Эля и я помним, как в Сентяк приезжала «бродячая» группа артистов. Они были молодые и певучие… Много пели, а мы аплодировали. Ведь не часто, а вернее всего один раз, бывали у нас артисты.

Но вот наступил январь 1944 года, и мы узнали, что снята блокада Ленинграда. Сначала трудно было поверить в это… Но вскоре появилась надежда на возвращение домой. И мама тоже оживилась, стала связываться с Казанью, с руководством института, чтобы узнать, как ей в этой ситуации действовать. Некоторое время никто ничего не мог сказать, а нам надо было кончать не только учебный год — некоторым, как мне, нужно было кончать школу. Это серьезно. И жизнь продолжала идти своим чередом…

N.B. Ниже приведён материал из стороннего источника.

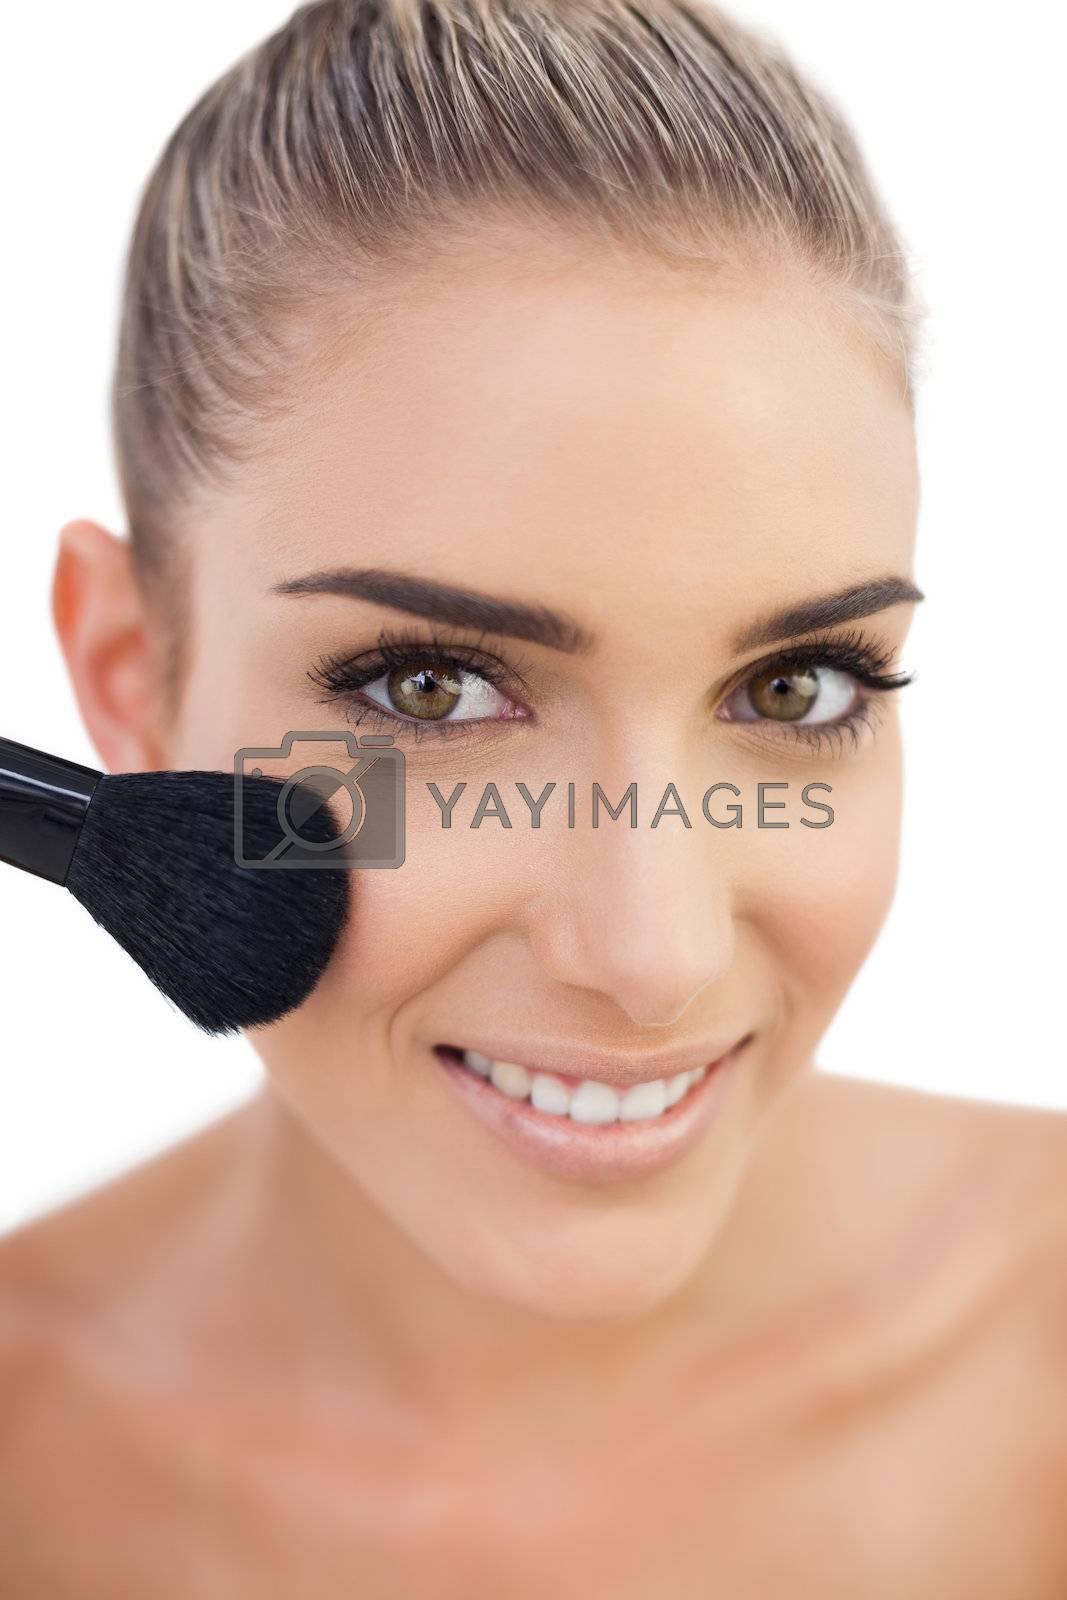 Cheerful woman applying powder on her cheeks by Wavebreakmedia

Одеты были все эти три года войны неизвестно во что: ведь мы, как я писала выше, не взяли с собой никаких теплых вещей. И вот приходит извещение, что мама может получить посылку из Ленинграда и находится она на железнодорожной станции Кизляр в семидесяти километрах от Елабуги. Очевидно, это случилось весной 1942 года, потому что мы с мамой  ходили на эту станцию (а от Сентяка до Елабуги еще 20 км) — 90 километров пешком. Вот как я это помню. Иногда нас подбирала какая-нибудь телега, лошадь, как правило, тянувшая телегу, еле передвигалась, но все равно удача — ты едешь и смотришь по сторонам. Наш поход продолжался дня 4 или 5. Нам приходилось ночевать в деревнях по дорогам. Без содрогания не могу даже сейчас вспоминать эти ночи — грязь несусветная, спали, вернее ложились, на голые лавки и … на нас набрасывались тучи клопов, так что спать по-настоящему не приходилось. И еще — удивлению не было конца: и по дорогам, и в деревнях было много молодых, спортивных, красивых молодых ребят, кто они? Когда нам удалось с ними перекинуться словами, оказалось, что все они были из Прибалтики, их оттуда выслали в Сибирь, и вот они бродили по России… Были и еврейские семьи, очень трогательный был совсем седой скрюченный старичок в окружении трех маленьких девочек. Они сидели у дороги… Почему?.. И вместе с тем, наш поход закончился благополучно: посылку, или посылки, мы получили и тем же путем вернулись обратно в Сентяк. Что было в посылках, толком не помню — какая-то теплая одежда. Она очень пригодилась, так как купить что-либо где-либо было невозможно — ничего нигде не продавали. К концу нашего пребывания в Сентяке мы иногда хаживали в лаптях и стеганых ватниках-телогрейках. Кстати в них мы и вернулись в Ленинград, и в них же ходили первые недели жизни в Ленинграде.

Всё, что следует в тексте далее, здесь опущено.